It can also be classified by whether there is a target class:
- Non-targeted: Perturbs the original data so that it is not classified as the correct class.
- Targeted: Perturbs the original data so that it is classified as a specific class other than the correct class.
The black dots in the figure above are synthetic samples created through six rounds of retraining.
In (a), the synthetic samples generated by non-targeted FGSM overlap because they were created by alternating between the closest classes.
In contrast, (b) with the T-RND (Targeted Randomly) method shows significantly reduced overlap among synthetic samples because they were generated toward random target classes. Additionally, since (b) uses the I-FGSM method, the synthetic samples are generated close to the original model’s decision boundary.
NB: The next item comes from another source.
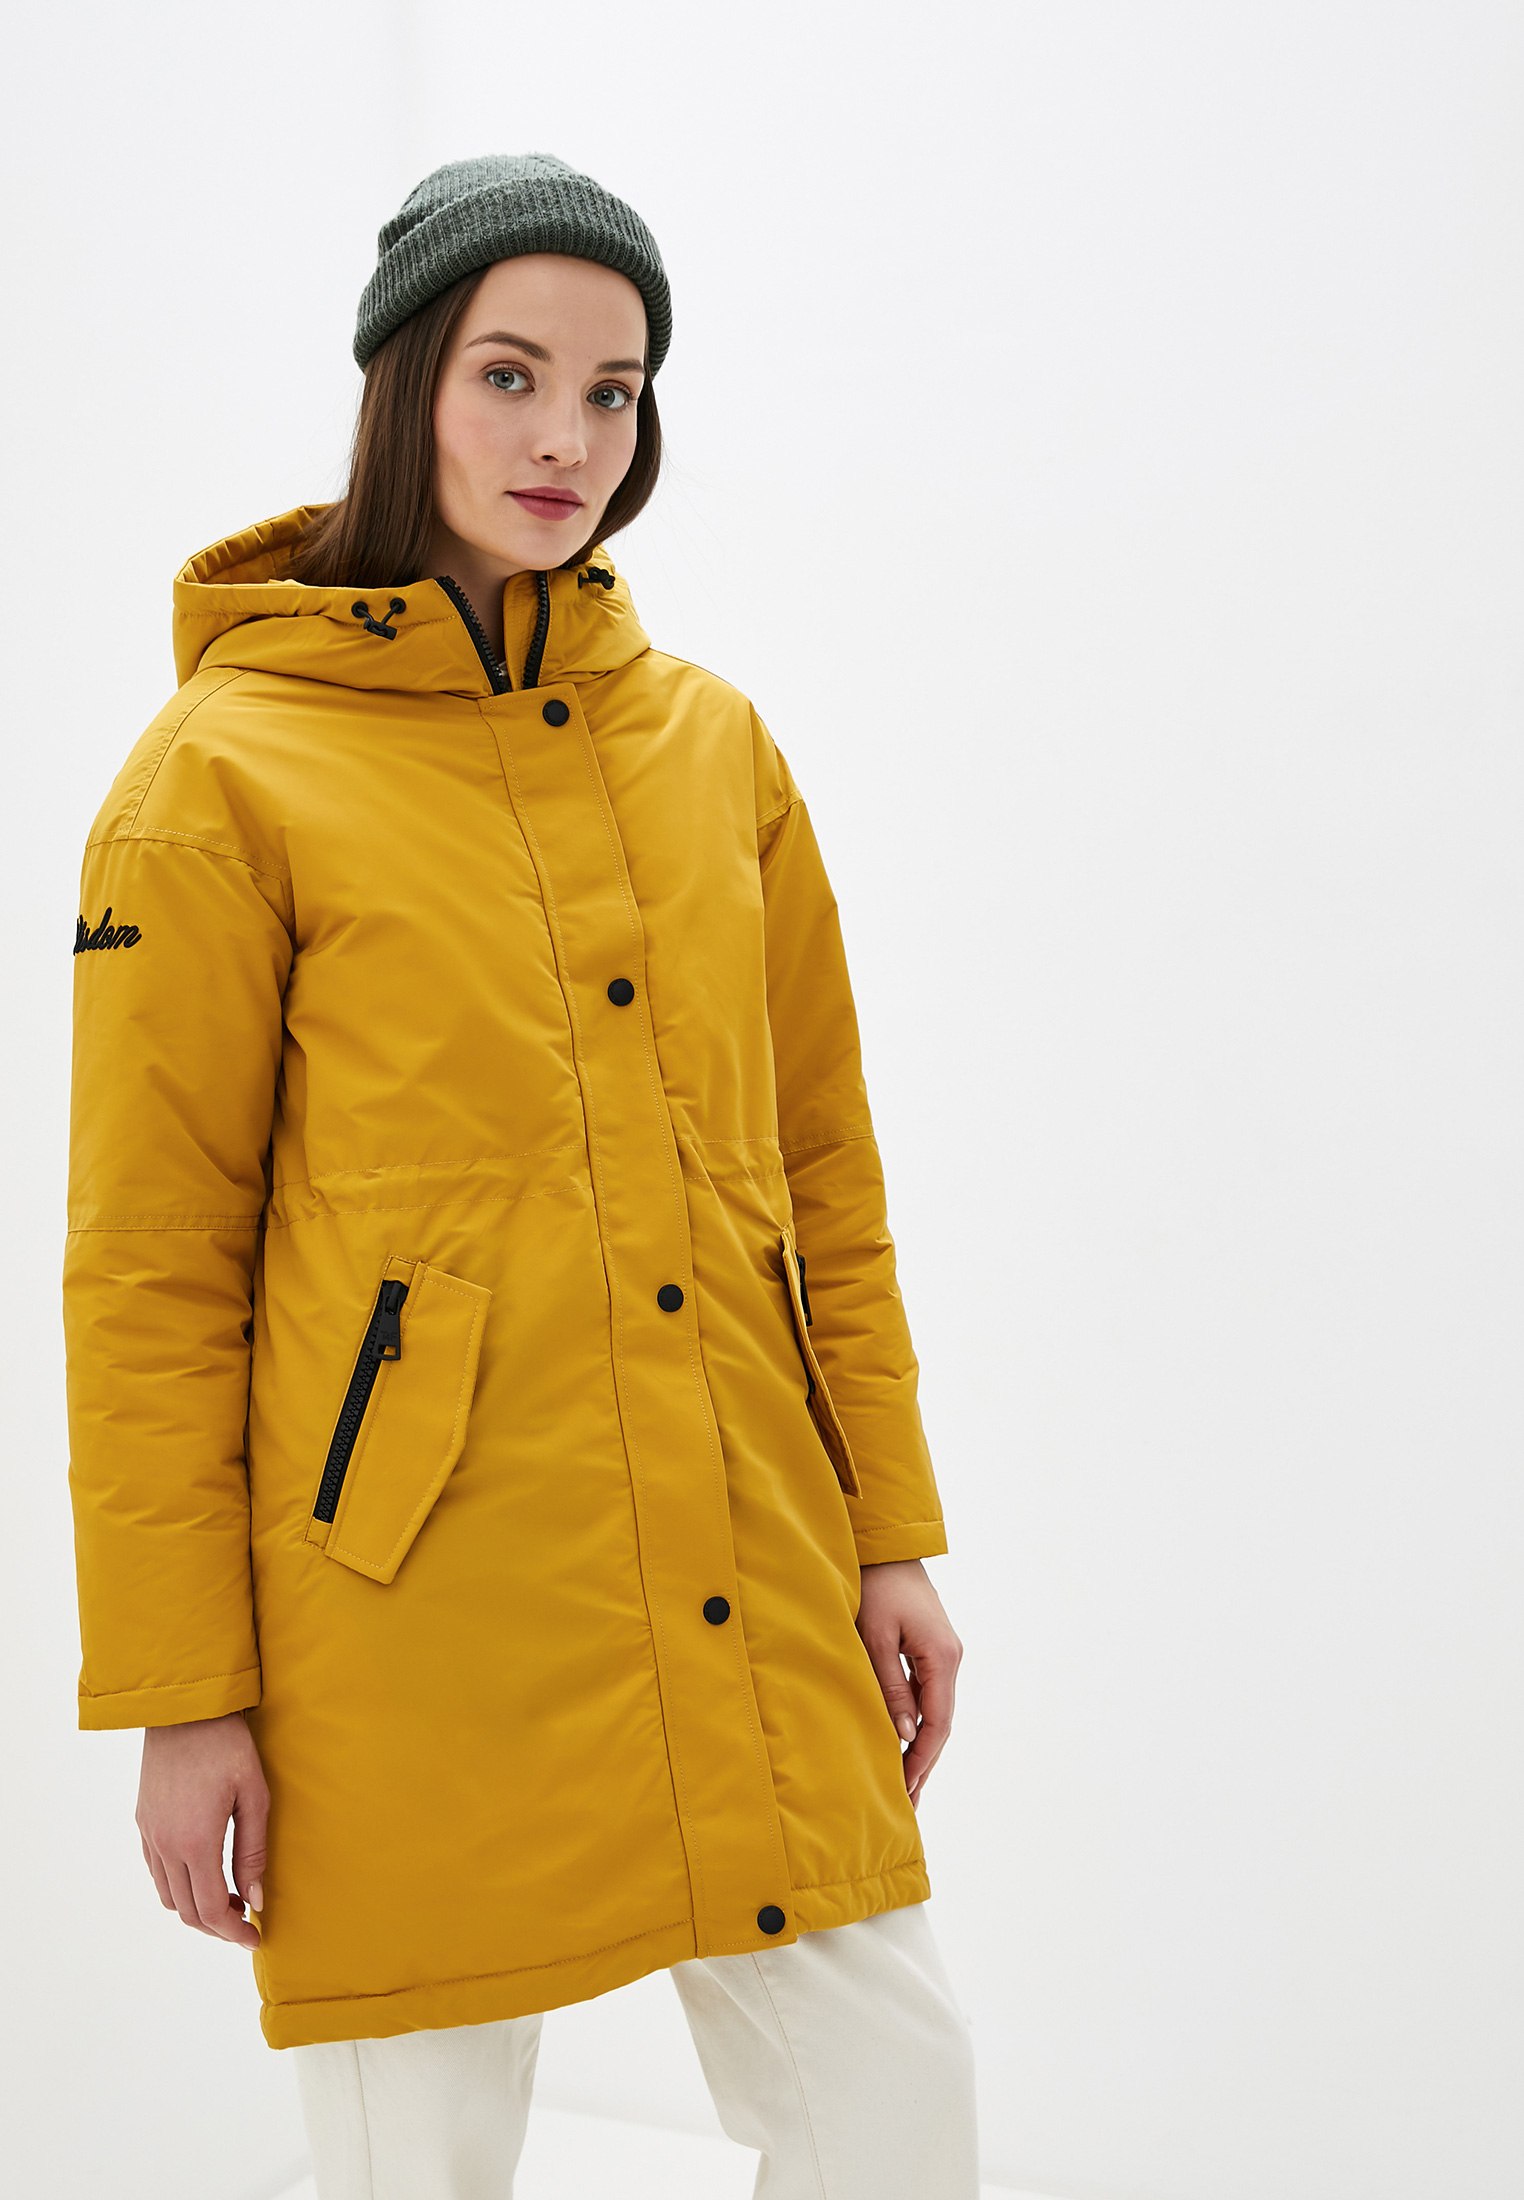 Парка, Tom Farr, цвет: желтый. Артикул: MP002XW1GEHX. Одежда / Верхняя одежда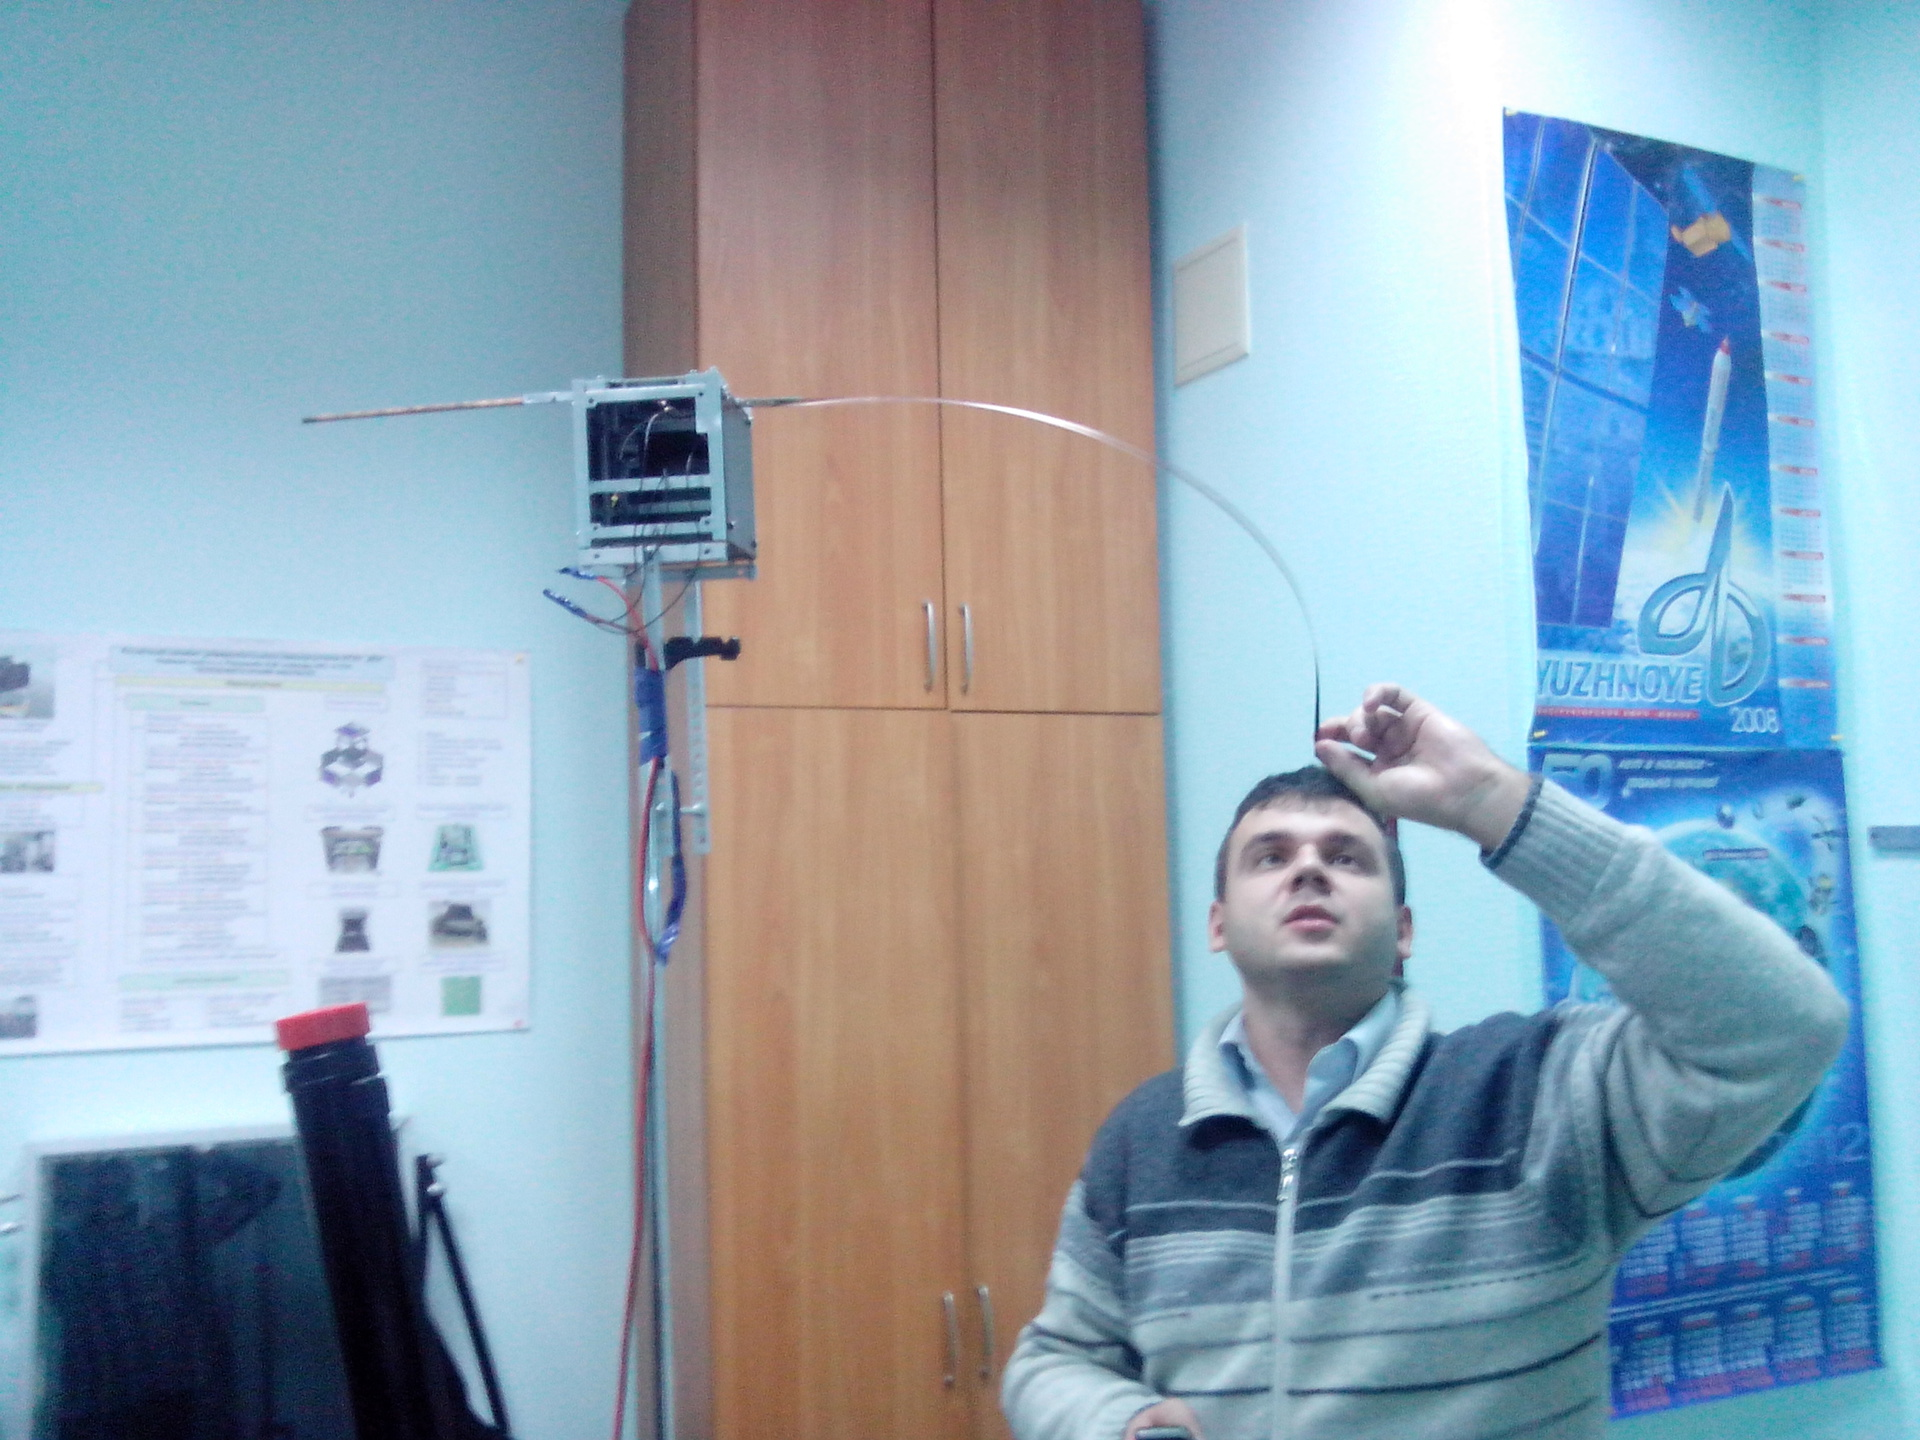 Как рождался PolyITAN 1 в лабораториях КПИ

Model Extraction Experiments
Objective
The goal of this experiment is to find the attack method that best reproduces the original model. The original model is an MLP model trained on MNIST and GTSRB.
Evaluation Metrics
The following metrics are used to evaluate which attack methods are effective for model extraction:
-
Agreement: Measures the fidelity of the substitute model.
- Test-agreement: Macro-averaged F1-score when inputting the actual test set to both the original model and the substitute model.
- RU-agreement: Ratio of identical predictions when inputting random points uniformly sampled from the input space to both the original and substitute models.
-
Transferability: Compares the decision boundaries of the original and substitute models to measure transferability.
- Non-targeted transferability: Attack success rate when adversarial samples generated in a non-targeted manner from the substitute model are input to the original model.
- Targeted transferability: Attack success rate when adversarial samples generated in a targeted manner from the substitute model are input to the original model.
Experimental Subjects
Existing attack techniques Papernot, Tramer, and variants of Papernot with modified hyperparameters – SAME and CV-search – were used as experimental subjects.
| Model Extraction Attack | Papernot | SAME | CV-search | Tramer |
|---|---|---|---|---|
| Seed sample type | Natural samples | Natural samples | Natural samples | Random samples |
| Hyperparameter selection | Attacker’s choice | Same as original model | CV-search | Attacker’s choice |
| Retraining iterations | 10+ | 10+ | 10+ | 1 |
| Synthetic sample generation | JbDA | JbDA | JbDA | Random generation, Line-search |
Attack Experimental Results
- Hyperparameter selection
Looking at CV-search in the results above, fidelity is similar to SAME, which uses the original hyperparameters. Moreover, transferability increases significantly with the number of retraining rounds compared to Papernot. Therefore, the CV-search method was effective for hyperparameter selection.
- Sample generation method for transferability evaluation
The results above show the misclassification success rate when adversarial examples generated by various methods from Papernot are input to the original model. The I-FGSM family shows the highest transferability, indicating that these methods generate adversarial examples very close to the decision boundary. Therefore, using I-FGSM family methods to generate transferability evaluation samples provides the best transferability assessment.
- Number of seed samples, class probabilities
Looking at (a) and (c) in the results above, fidelity increases with the number of seed samples but is less affected by providing class probabilities. In contrast, looking at (b) and (d), transferability increases significantly when class probabilities are provided.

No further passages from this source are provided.